Lee and Sukoco (2010) looked into CQ and global experience’s impact on cultural variation, viability and execution of expatriates working in Taiwanese multinationals in three distinct nations. Specifically, they explored the impact of global experience on connection among CQ, execution and adaptation standards. Their outcomes recommend that three parts of CQ (intellectual, social and persuasive) fundamentally affected transformation. Consequently, expatriates who had the option to interface with individuals of various cultures showed a more elevated level of transformation. The results showed that higher CQ levels were associated with higher fitness than the range of international experience. However, exposure to international employment and travel facilitated the link between CQ and cultural adaptation and were only effective at high CQ levels. Therefore, managers should consider hiring candidates with CQ levels that exceed the level of international experience. Understanding the value of CQ conceptualisation for CCA in various cultural contexts is still in its early stages (Ramalu et al. 2012); thus, the potential for academics to investigate the interactions of various characteristics of CQ and CCA is great. Prior studies attest to interactions between CQ and CCA, but the settings and context of all these studies are different from the present study, hence the need for an African context.

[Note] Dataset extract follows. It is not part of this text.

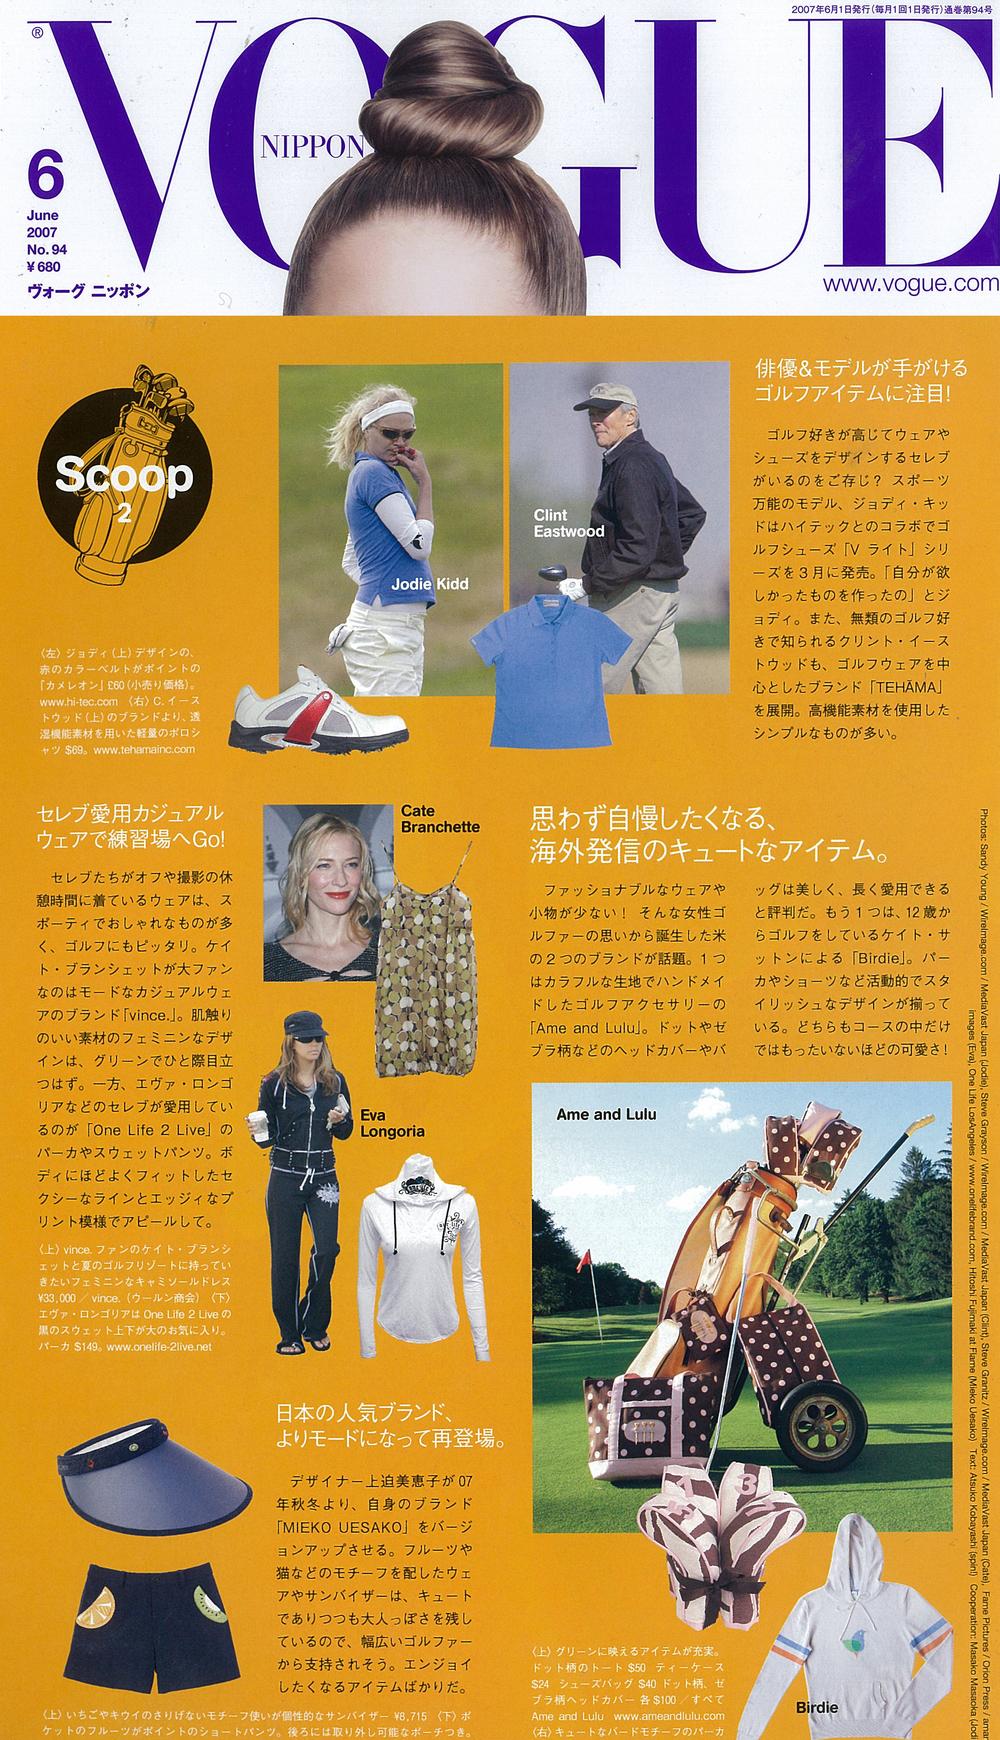 Vogue Japan.jpg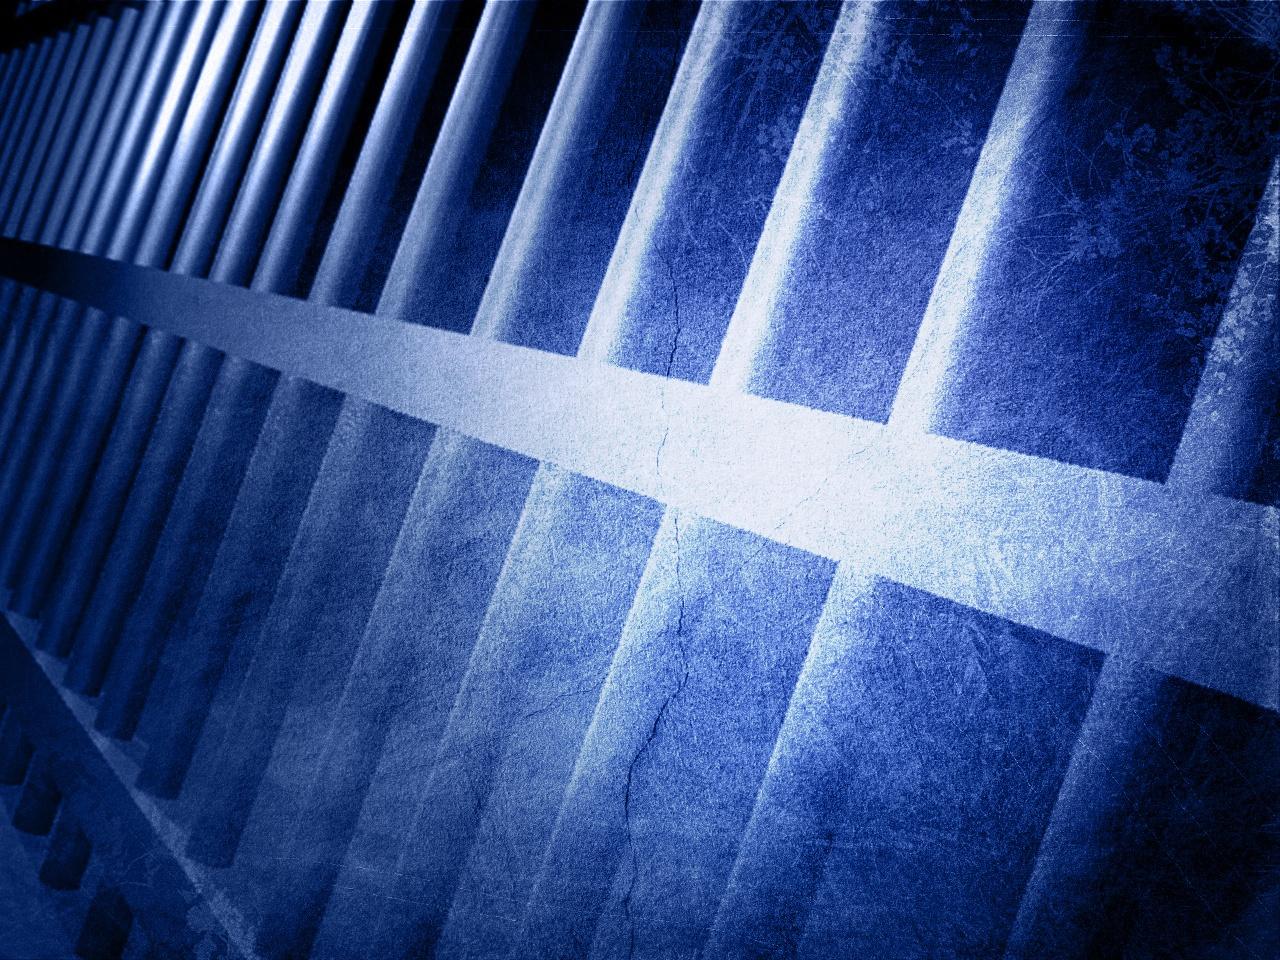 jail_prison_1557434939752.jpg

The term ‘cross-cultural adjustment’ describes how comfortable and accustomed a person feels psychologically in a new host culture (Black 1988). Cross-cultural adjustment, according to Black and Gregersen (1991), has three constructs: IA, general adjustment and work adjustment. Interactional adjustment relates to psychological well-being, which is concerned with interactions with the host country on and off the job (Silbiger et al. 2021). General adjustment is concerned with psychological well-being, which encompasses aspects of daily living such as climate, food and customs. The process of adjusting to new job responsibilities, duties, supervision, performance standards and the environment in a cross-cultural setting is referred to as work adjustment. The study focused on IA facet of CCA.

Cultural intelligence and interaction adjustment

Factors such as aptitude, flexibility and a general understanding of local cultural practices and language may explain why expatriates adjust more smoothly through interaction (Imai & Gelfand 2010). The phrase ‘interactional adjustment’ refers to the ease with which individuals communicate and interact in both in and out of work circumstances in a cross-cultural setting. The most challenging aspect of adjustment is interactional (Peltokorpi 2008). Cultural intelligence may help to explain why some people are competent in their nation but less so in another. By constructing a ‘cultural intelligence’ scale, Earley and Ang (2003) attracted considerable study interest in this cultural idea. More crucially, during the last decade, our knowledge of the projected benefits of IA that can result from the development of CQ has progressed (Earley & Mosakowski 2004). Individuals and organisations that understand and value CQ as a strategic asset might benefit from cultural differences (Sawhney 2008). People with high CQ believe that they are better adapted to both in and out work settings in the host nation because they may obtain more suitable emotional and informative support in an adapted environment. This supports the need for CQ by SIEs to facilitate their IA in a new cultural setting because CQ impacts positively on IA (Kim et al. 2006).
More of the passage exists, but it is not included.